In their second set of five chapters, the Paulsens provide a lively and informed overview of how the Constitution has played out over our nation’s history. They take positions — often firmly, sometimes less so — on a host of constitutional cases and questions. Although they don’t label themselves advocates of “judicial restraint,” they do maintain (soundly, in my view) that the Constitution leaves “the bulk of policy choices to the people, through elected, representative institutions” and that “it is improper to read one’s views of desirable policy into” the Constitution. Yes, courts may override democratic enactments, but only when those democratic enactments are, after careful analysis, clearly incompatible with the Constitution.
Libertarians will bristle at the Paulsens’ condemnation of the so-called Lochner era (from 1905 to 1936) as part of a broader post-Reconstruction perversion of the Fourteenth Amendment “into a device for invalidating state legislative policy choices on matters of social welfare and economic regulation.” And liberals will object to their criticisms of the “modern era of judicial activism” (from 1960 to the present), including their cogent denunciations of the Court’s pro-abortion diktats in Roe v. Wade (1973) and Planned Parenthood v. Casey (1992).

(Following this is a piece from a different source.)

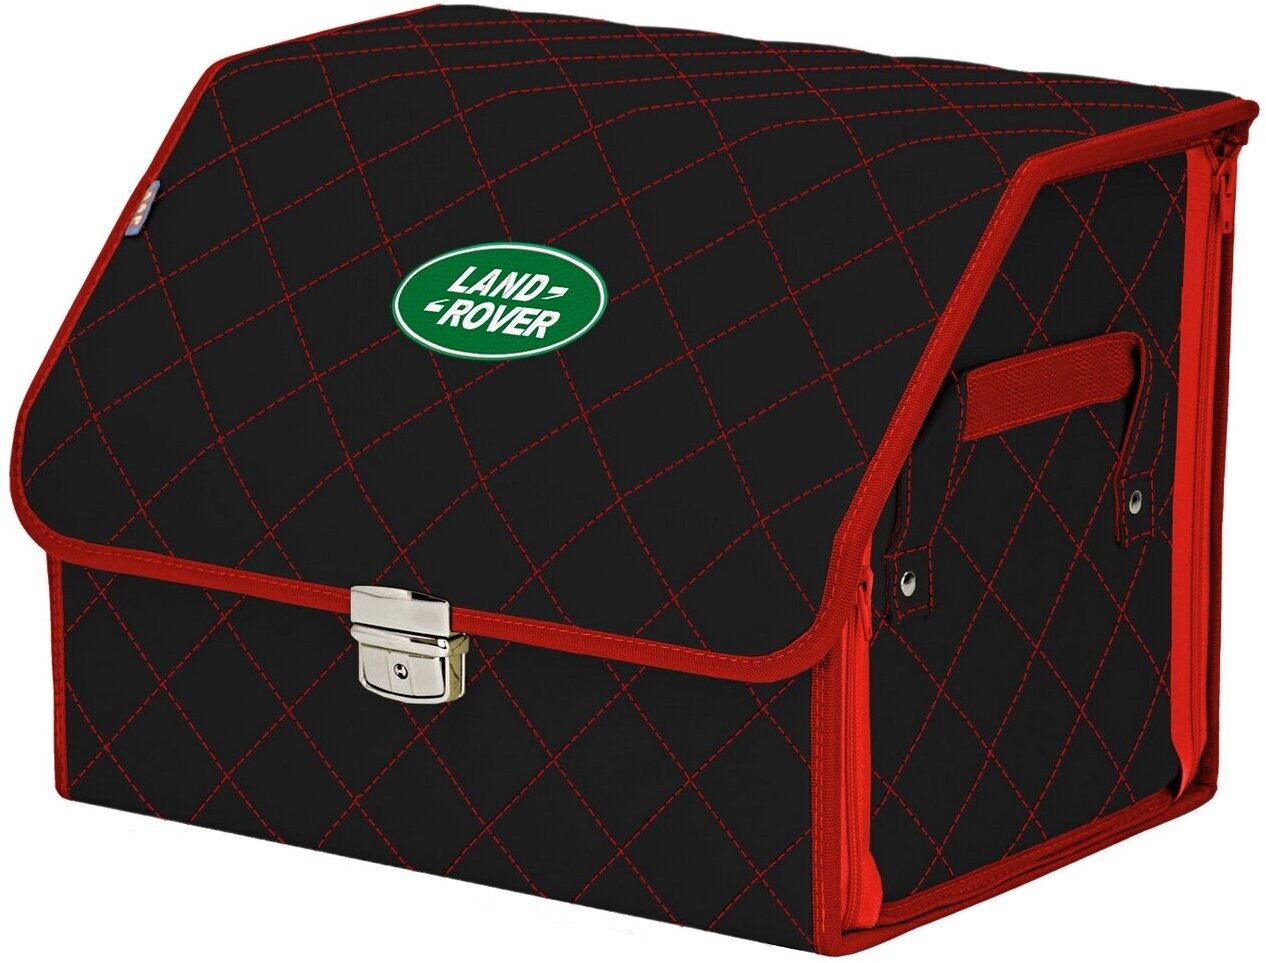 Органайзер-саквояж в багажник "Союз Премиум" (размер M). Цвет: черный с красной прострочкой Ромб и вышивкой Land Rover (Ленд Ровер).

It is inevitable, of course, that virtually no one will agree with all of the Paulsens’ assessments. For my part, I’m skeptical — to cite but one example — of their claim that the Court “deserves credit” in sex-discrimination cases for supposedly “working its way toward a principled standard” that is consistent with the original meaning of the equal-protection clause. More broadly, the Paulsens’ rosy take on how the Constitution “has arguably worked itself pure” seems belied by their critique of so many of the Court’s persisting precedents. But the Paulsens seek to spur conversations about the Constitution, not to end them.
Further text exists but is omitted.